Infected blood: how academics both caused and exposed tragedy

Report into scandal highlights danger of relying on singular sources of knowledge, in contrast to inquiry itself, which utilised vast range of expertise to get to the bottom of what happened

May 28, 2024
London, UK. 19th May, 2024. The Hepatitis C Trust assembles at Parliament Square to demand action ahead of the final report on the infected blood scandal. The demonstration highlights the plight of tens of thousands affected by contaminated blood products
Source: Atlantico Press/Alamy

Concluding his lengthy seven-volume report on the UK’s infected blood scandal, former High Court judge Sir Brian Langstaff said that what was the “worst treatment disaster” in the history of the NHS “could largely, though not entirely, have been avoided”.

In the 1970s and 1980s, more than 30,000 people were infected with diseases such as HIV and hepatitis C after being treated with contaminated blood products – leading to nearly 3,000 deaths – and the experts who advised the government at the time should shoulder some of the blame for what happened, the inquiry made clear.

It also shone a light on the research practices of the past, highlighting that patients were unaware that they were participating in medical trials and had not consented to be the subjects of research, which often did not lead to safer treatments.

But while the mammoth six-year process – the biggest inquiry ever held in the UK – exposed the failings of the academy in preventing the tragedy, it also demonstrated its power in obtaining justice for those involved, with dozens of academics working for years to get to the bottom of what happened.

Given the complexities of the issues at hand, the unusual model Sir Brian developed – setting up seven expert groups to investigate aspects of the events under instruction from those affected – meant that a vast array of multidisciplinary expertise fed into the investigation, said Stephen Evans, emeritus professor of pharmacoepidemiology at the London School of Hygiene and Tropical Medicine, who was the convener of the statistics expert group for the inquiry that modelled the impact of the crisis.

This stood in contrast to the practices of the period under investigation, with the report highlighting how singular scholarly voices had been able to dominate the debate.

Particularly criticised was Arthur Bloom, a professor in haematology at what was then the University of Wales College of Medicine, now part of Cardiff University, whose views were said to have been “overly influential”.

Professor Bloom, who died in 1992, was a leading expert in his field. The inquiry showed that he had consistently downplayed the risks despite mounting evidence and that there had been “an uncritical acceptance of his line of thinking and a failure to probe his advice”.

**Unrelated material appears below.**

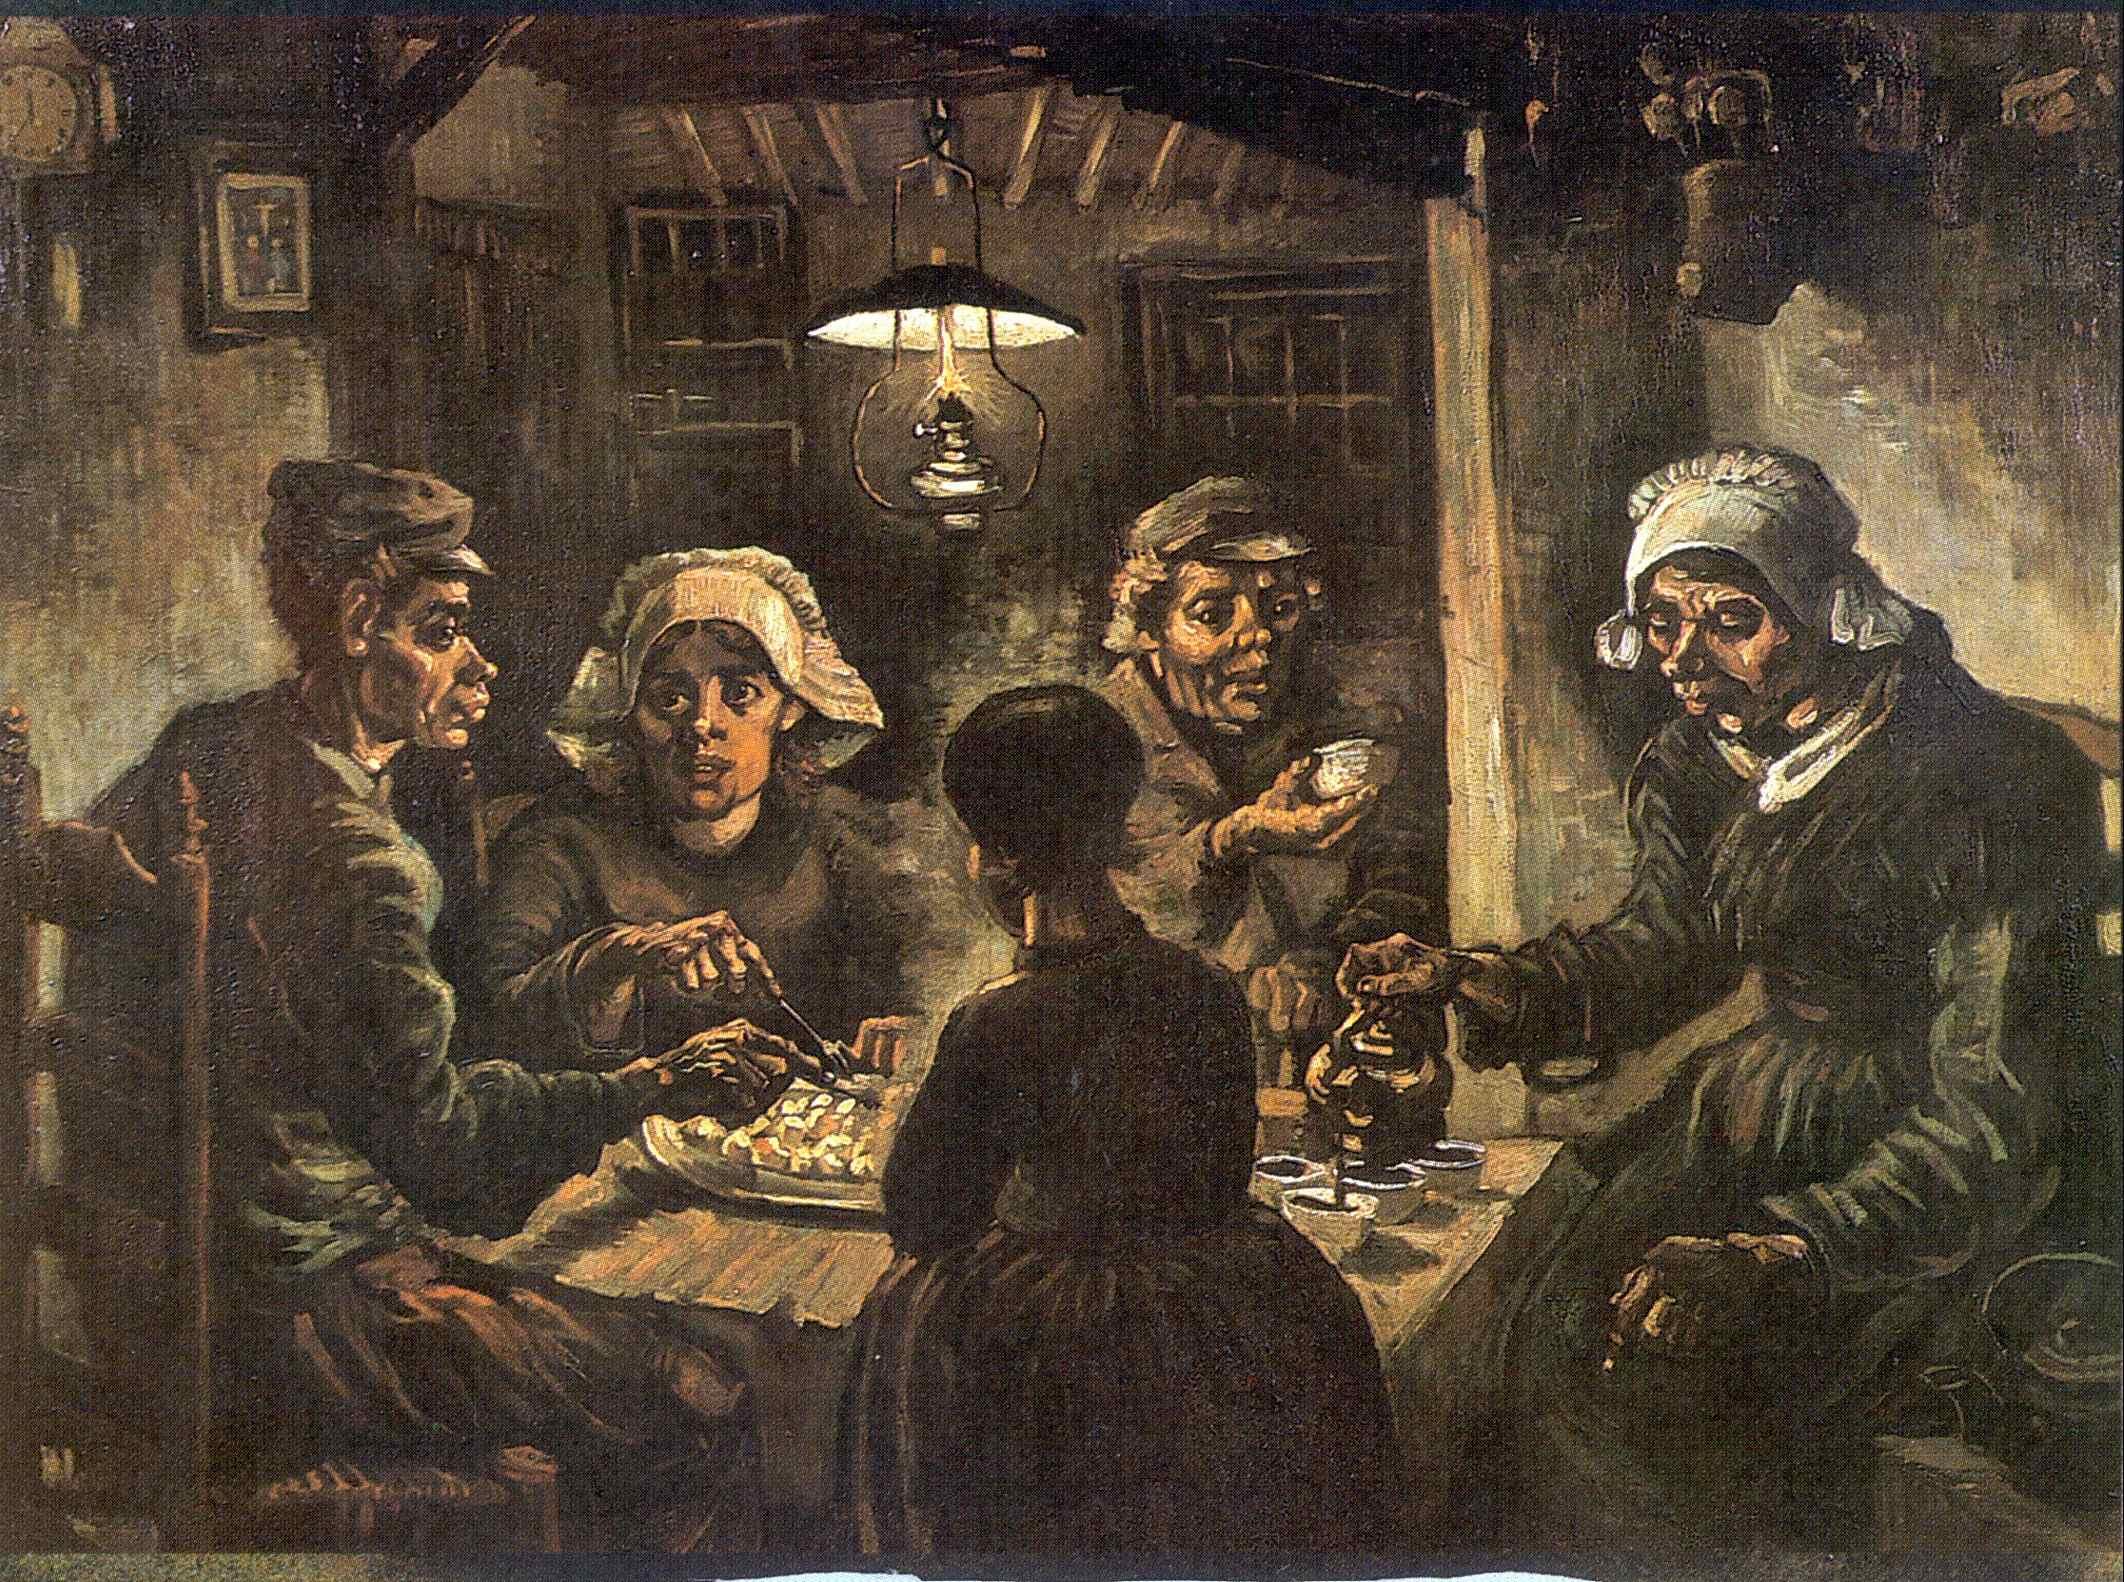 Baggermans-Gogh-09
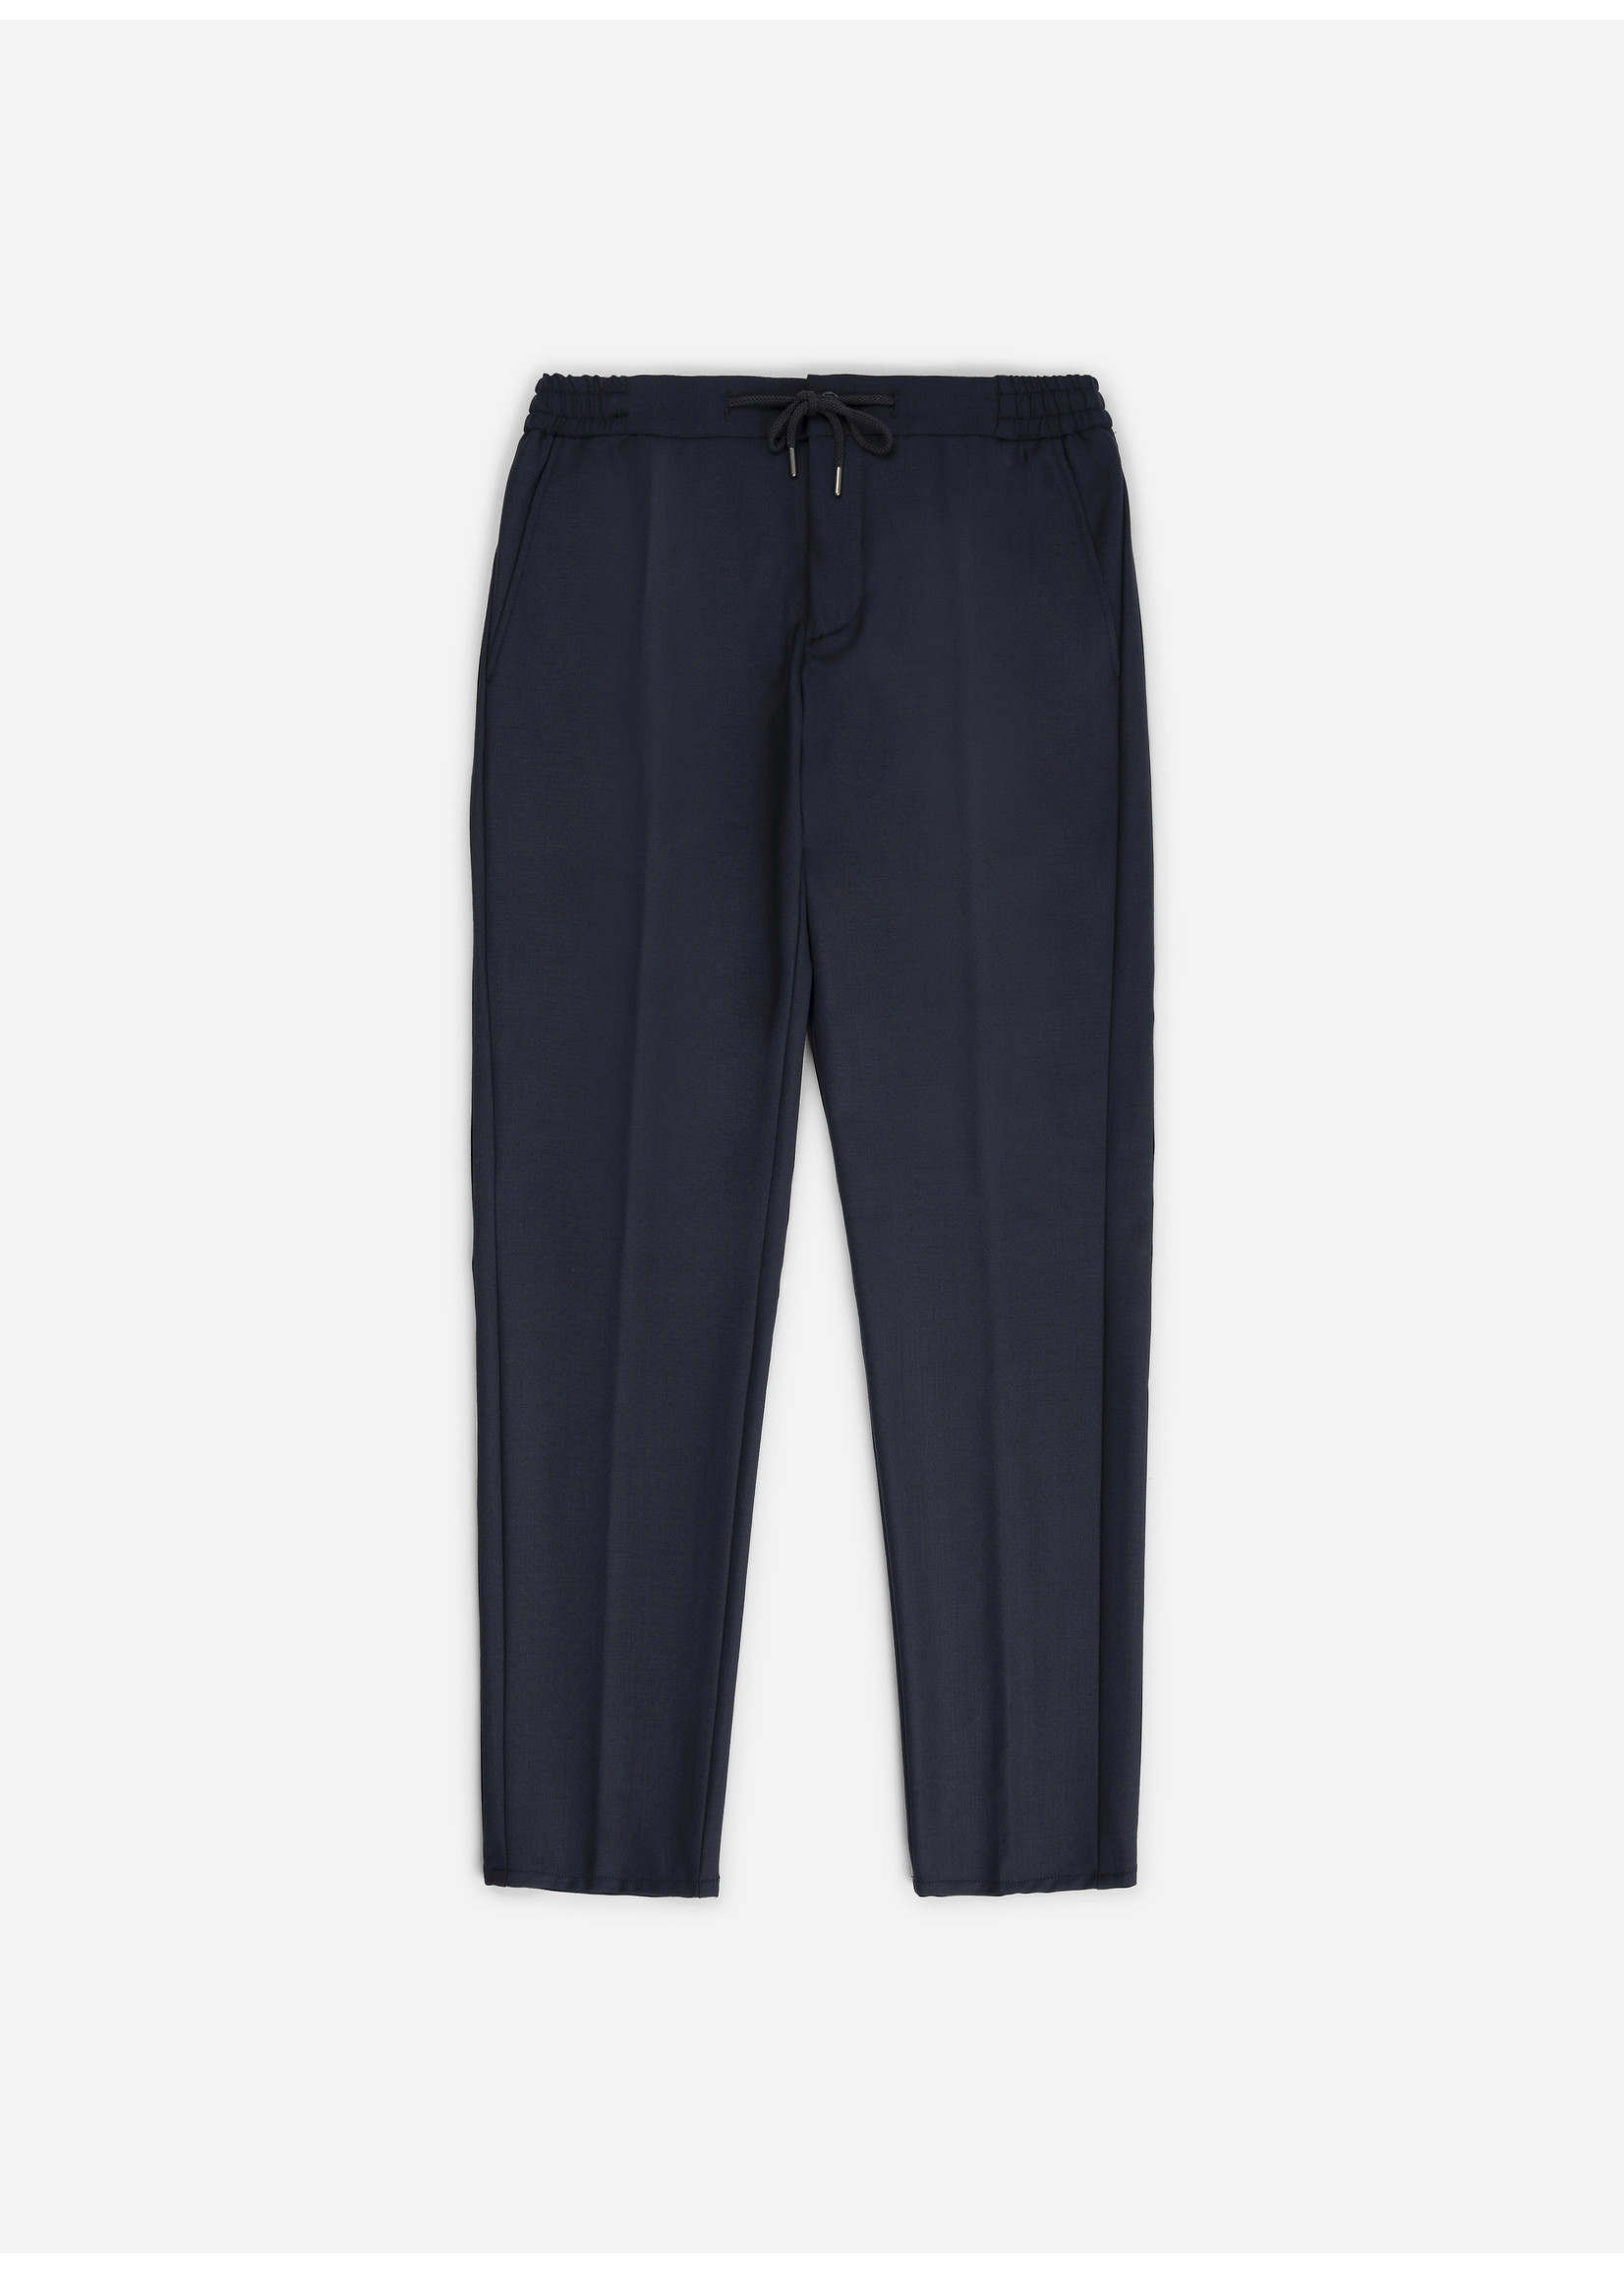 Ridiculous Classic Pantalone Slim Navy

The inquiry report found that had Professor Bloom, who was often the only academic at key meetings, “been faithful to the facts” then “it is not difficult to see that the events that followed might have taken a different turn”.

Government advisory committees today draw expertise from a much wider range of sources, but there is still a danger that a “very strong personality” could exert undue influence and prevent dissenting voices from emerging, said Professor Evans.

Given the inquiry’s focus on the impact of lone voices, it was “pertinent” that it was run in a way that pulled together groups of experts, said Emma Cave, professor of healthcare law at Durham University, who co-chaired the medical ethics group.

“I think it shows it is a useful way forward because it is so transparent and enables there to be other perspectives and viewpoints that come in. Perhaps that would have been something that would have been useful then. But comparing the two is like chalk and cheese; they are entirely different situations,” she said.

Bobbie Farsides, professor of clinical and biomedical ethics at the Brighton and Sussex Medical School and another co-chair of the ethics group, said she saw part of their role as helping to explain to those affected the medical context of the time. It was important, she continued, not to “demonise” people while not excusing their mistakes.

In medicine, “very often some of the best advances have come through passionate individuals building up teams or expert centres, and pioneering work that in the early stages is risky, is difficult”. However, the researchers working with the inquiry had “felt increasingly uncomfortable with how things had been done”, she said.

Modern-day medicine had become much more aware that doctors cannot be left alone to make decisions that are important to society as a whole, Professor Farsides added, and multidisciplinary input was now regularly sought.

“If you go to a modern medical school, the people working there are medically qualified, but they are also sociologists, ethicists, anthropologists, geographers, economists,” she said.

“There is much more discussion between people who work in medical schools and broader academic communities. They are not as insular as they used to be.

“The medical profession has also had to become much more used to criticism and judgement of what they do, both at a societal level but also academically. They aren’t shut away doing their own thing; they are subject to the gaze of a number of different disciplines.”